The Fedora Project ships new Fedora Server and Workstation releases at roughly six-month intervals. It then maintains each release for around thirteen months. So Fedora N is supported by the community until one month after the release of Fedora N+2. Since the first Fedora Atomic Host shipped, as part of Fedora 21, the project has maintained separate ostree repositories for both active Fedora releases. For instance, there are currently trees available for Fedora Atomic 25 and Fedora Atomic 24.

Fedora Atomic sets out to be a particularly fast-moving branch of Fedora. It provides releases every two weeks and updates to key Atomic Host components such as Docker and Kubernetes. The release moves more quickly than one might expect from the other releases of Fedora.

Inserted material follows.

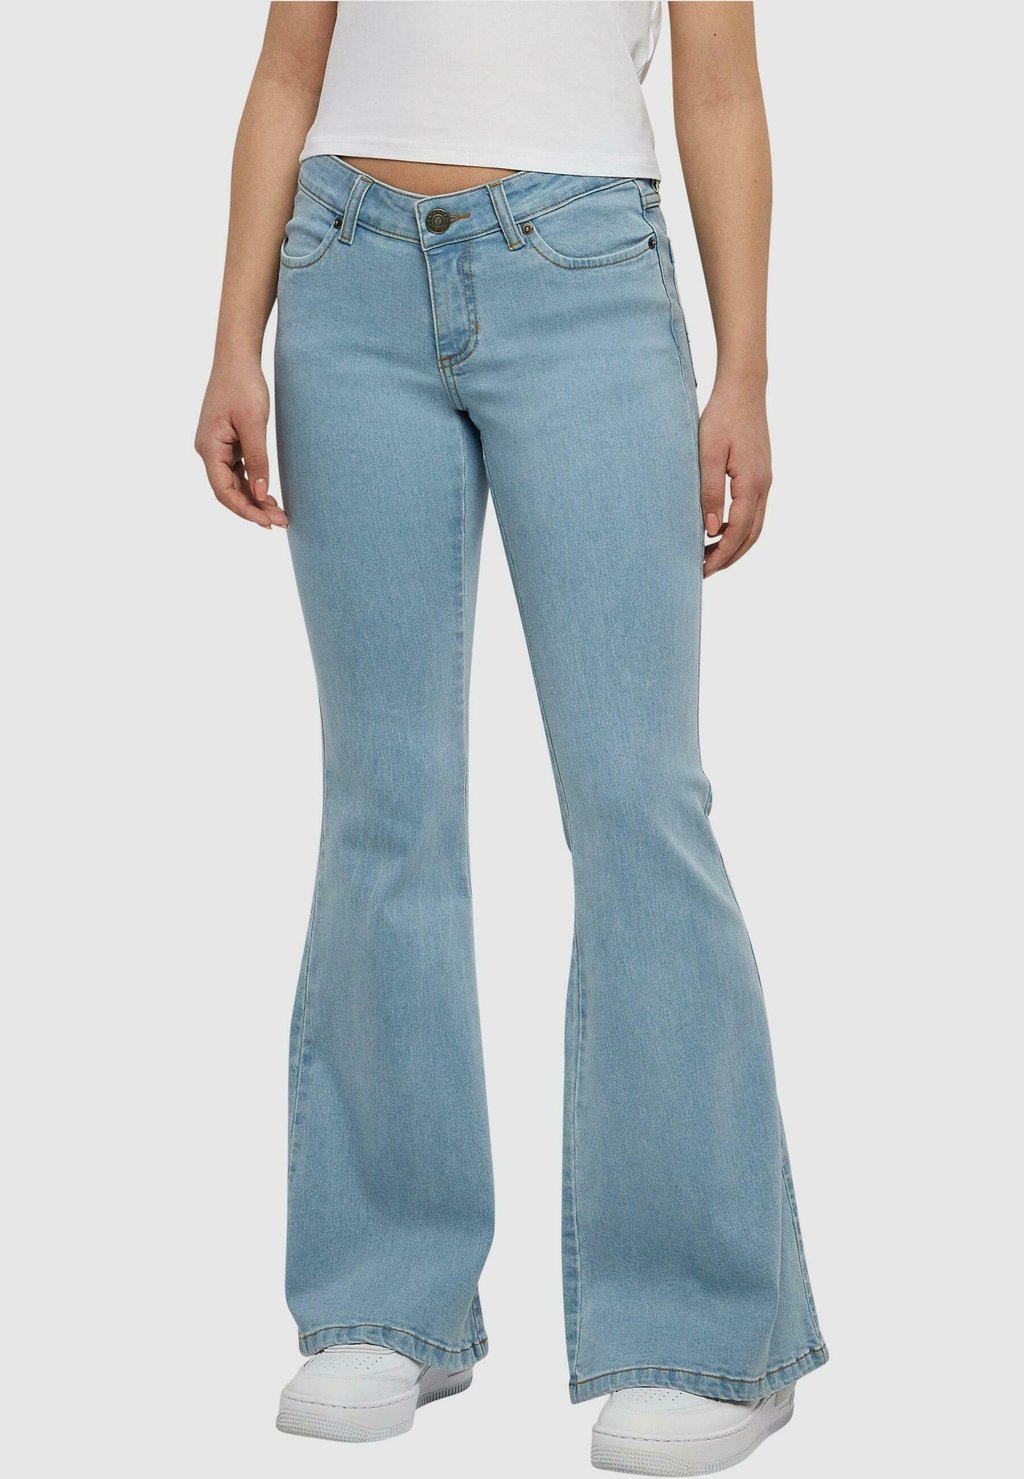 Расклешенные джинсы Urban Classics, более светлые, стираные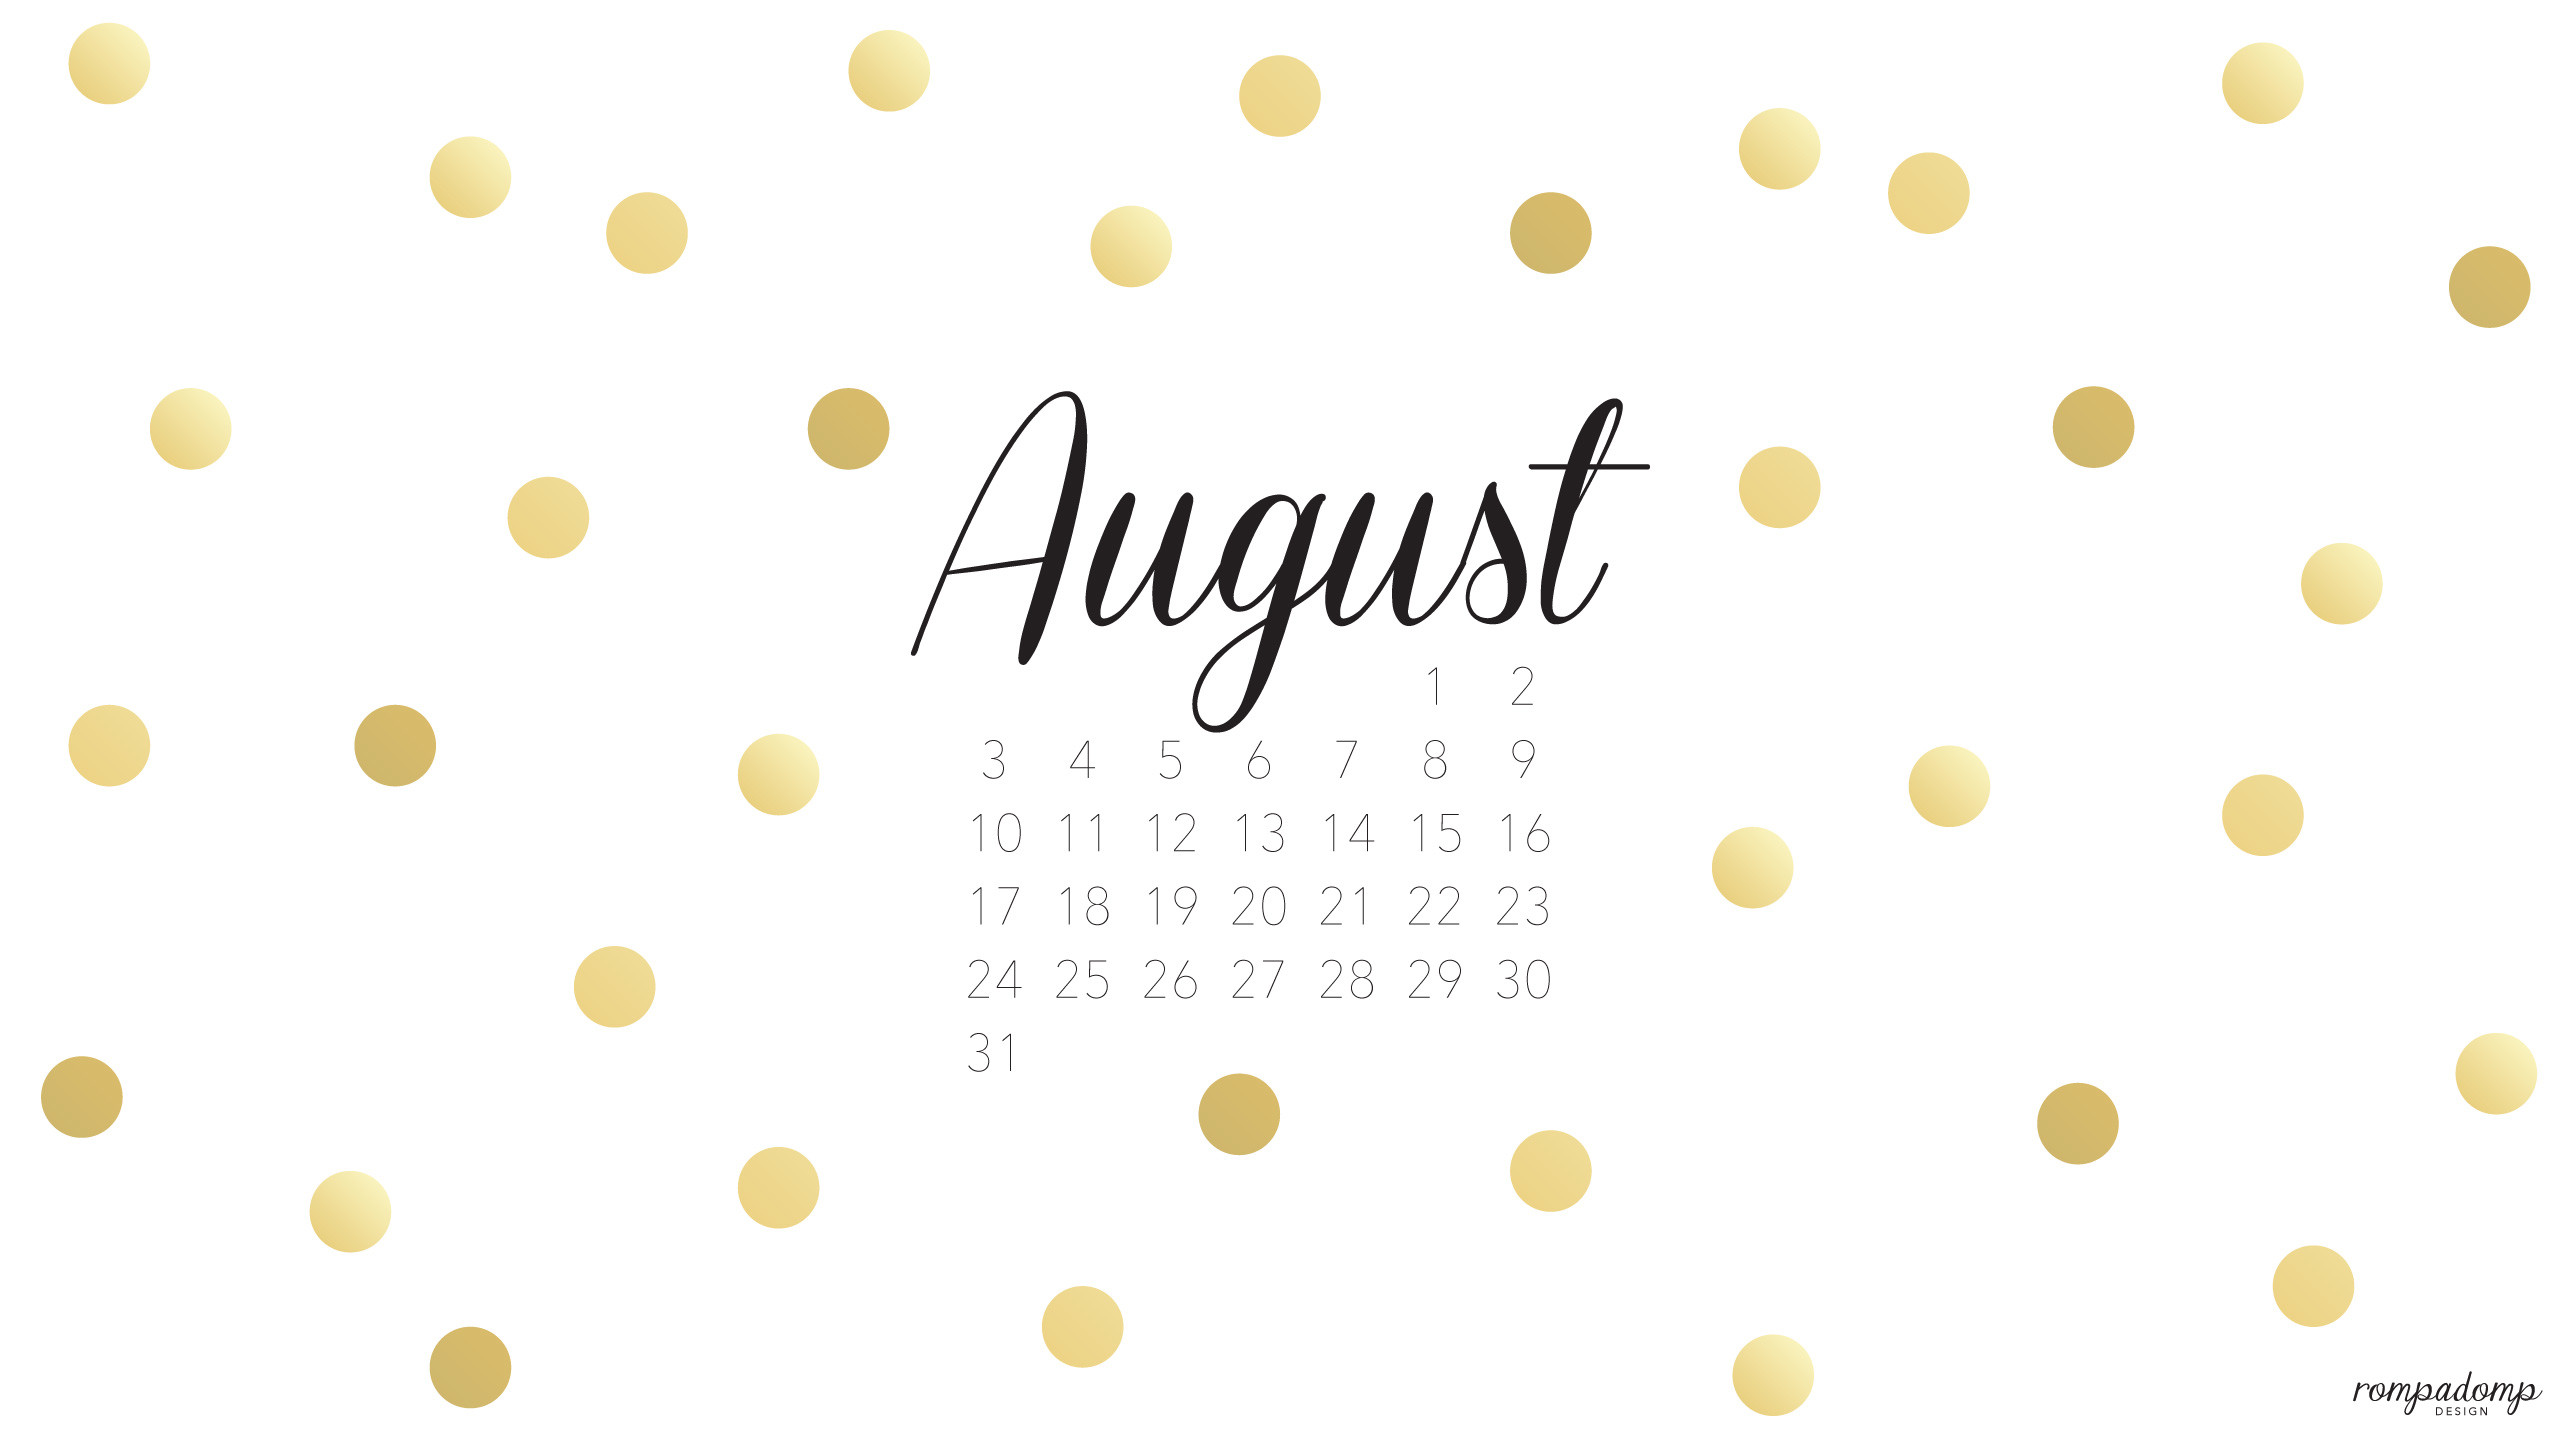 2560x1440 August 2014 Desktop Calendar Wallpaper

Due in part to this faster pace, the Fedora Atomic Working Group has always focused its testing and integration efforts most directly on the latest stable release. The group encourages users of the older release to rebase to the newer tree as soon as possible. Releases older than the current tree are supported only on a best effort basis. This means the ostree is updated, but there is no organized testing of older releases.

Upcoming changes

This will change with either the Fedora 26 to 27 or the 27 to 28 upgrade cycle (depending on readiness). The Fedora Atomic Working Group will then collapse Fedora Atomic into a single version. That release will track the latest stable Fedora branch. When a new stable version of Fedora is released, Fedora Atomic users will automatically shift to the new version when they install updates.

Traditional OS upgrades can be disruptive and error-prone. Due to the image-based technologies that Atomic Hosts use for system components (rpm-ostree) and for applications (Linux containers), upgrading an Atomic Host between major releases is like installing updates within a single release. In both scenarios, the system updates are applied by running an rpm-ostree command and rebooting. The release provides rollback to the previous state available in case something goes wrong. Applications running in containers are unaffected by the host upgrade or update.

If you’d like to get involved in the Fedora Atomic Working Group, come talk to us in IRC in #fedora-cloud or #atomic on Freenode, or join the Atomic WG on Pagure.

Fedora Project community

4 Comments

  1. EarlP

    To summarize, rolling release?

    • Fedora Atomic will be more like a rolling release, although the underlying base platform still goes through a more traditional six-month release process.

  2. gholms

    Thank you for announcing this ahead of time. When a new release comes out I currently use the previous release until I can qualify my stuff on the newer one, but I can front-load that process by testing pre-release images instead. In the absence of an older release to fall back on, successful pre-release builds be will significantly more important, though.